But im just sick of people finding ridiculous theories/excuses to put down 'The Spider' . . the man is the most well-rounded fighter, brings excitement when he fights, does not leg hump, and has paid his dues in MMA .. but yet.. these haters nitpick when there are other fighters who are 1-dimensional and put me to sleep when they fight.. 

Anderson Silva is an asset to MMA .. and most fighters in the UFC would be glad to have just 10% of his skill set .. but because they don't and are unable to learn.. they keep drinking the 'haterade' .. 

The man is in his early 30's.. has been fighting professinally since his 20's .. is in tip-top shape, still fighting at a high level, and takes his craft seriously ... 

How anyone can admire Chael Sonnen, who has half his foot in the 'Political' Door, does nothing for MMA but show the circus side, sets a bad example for kids by cheating with PEDs, a fairly new MMA fighter but yet acts like he invented MMA .. 

This is where i have a problem ..


----------



## Soojooko (Jun 4, 2009)

RudeBoySes said:


> After i've had time to wake up and drink some coffee.. i now see that i was a bit harsh and the personal insults were unnecessary .. for that.. sorry bro ..
> 
> But im just sick of people finding ridiculous theories/excuses to put down 'The Spider' . . the man is the most well-rounded fighter, brings excitement when he fights, does not leg hump, and has paid his dues in MMA .. but yet.. these haters nitpick when there are other fighters who are 1-dimensional and put me to sleep when they fight..
> 
> ...


Why have a problem friend? If you feel that way about Mr Anderson then nothing should deter you from that. Ive met people in my life that dislike the Dalai Lama for god sake. You can't win. Embrace the hate. It will never make sense. Learn to laugh at it.
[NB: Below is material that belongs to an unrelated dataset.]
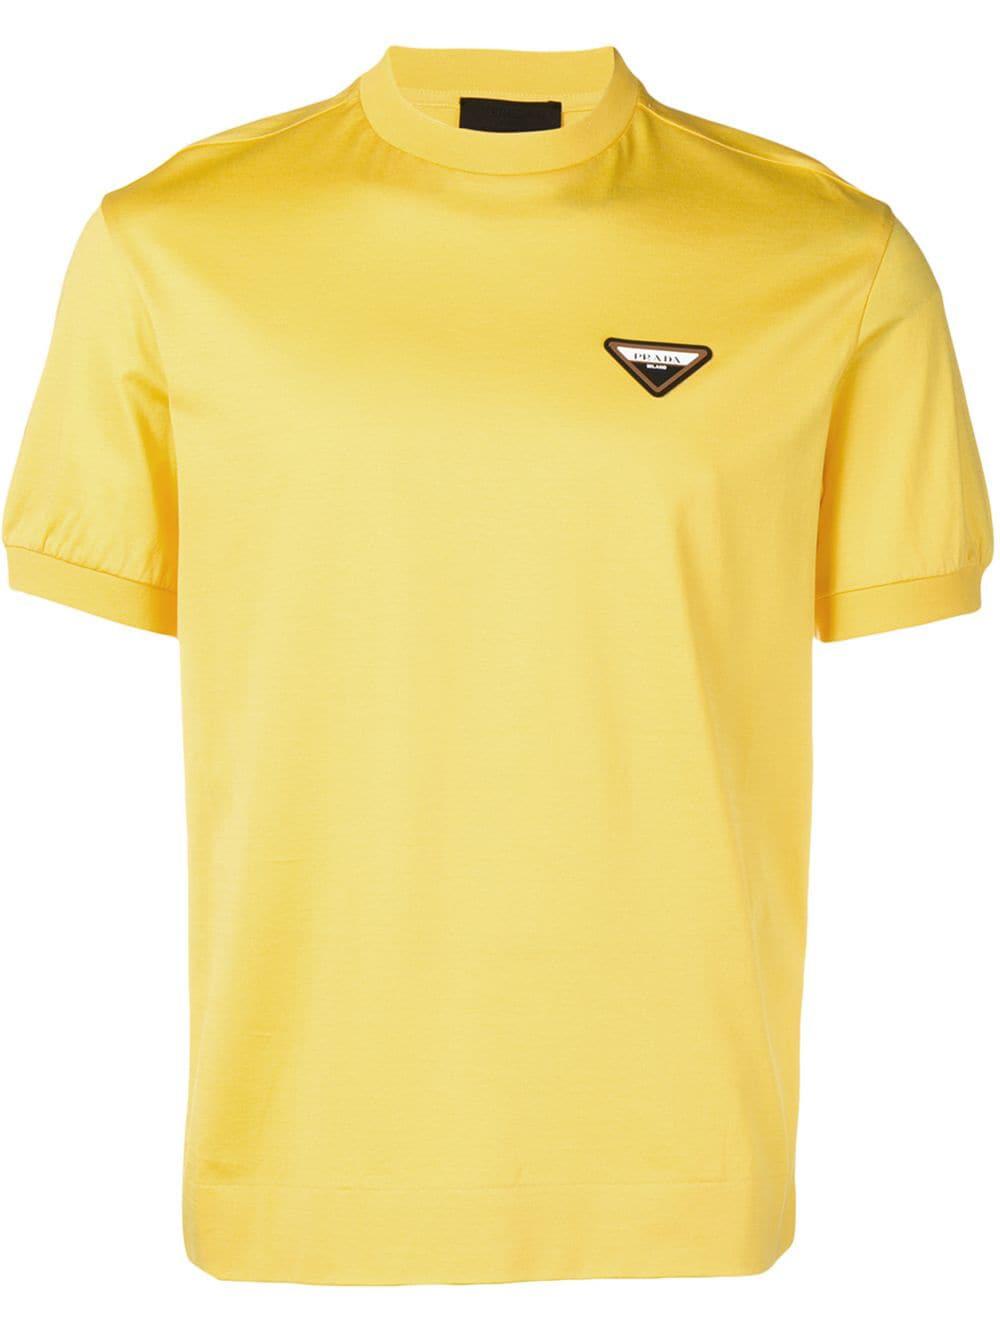 434a0fd06250a Prada T-Shirt Mit Logo-Patch - Gelb In Yellow

Personally, nothing brightens up my day than reading infuriating ( lies ) stuff about my favourite fighters from people ( idiots ) who have an opinion ( arsehole for a mouth ).


----------



## BobbyCooper (Oct 26, 2009)

RudeBoySes said:


> After i've had time to wake up and drink some coffee.. i now see that i was a bit harsh and the personal insults were unnecessary .. for that.. sorry bro ..
> 
> But im just sick of people finding ridiculous theories/excuses to put down 'The Spider' . . the man is the most well-rounded fighter, brings excitement when he fights, does not leg hump, and has paid his dues in MMA .. but yet.. these haters nitpick when there are other fighters who are 1-dimensional and put me to sleep when they fight..
> 
> ...


I ask myself as well sometimes how this World still works..


----------



## Voiceless (Nov 8, 2010)

guy incognito said:


> These videos show that Chael threw that fight against silva, there is no way a man who is doing instructional videos for a BlackBelt Magazine could possibly be caught by a triangle and the whole "PED" thing is just fabricated by the UFC to make anderson silva look good.


It's something completely different to show and explain techniques in relaxed circumstances (most dilligent kids with a couple of years in martial arts training should be able to do so) and applying these techniques in a fight. Sonnen is doing instructional videos for BlackBelt Magazine because he is a (widely noticed) top fighter, not because he is the best technician.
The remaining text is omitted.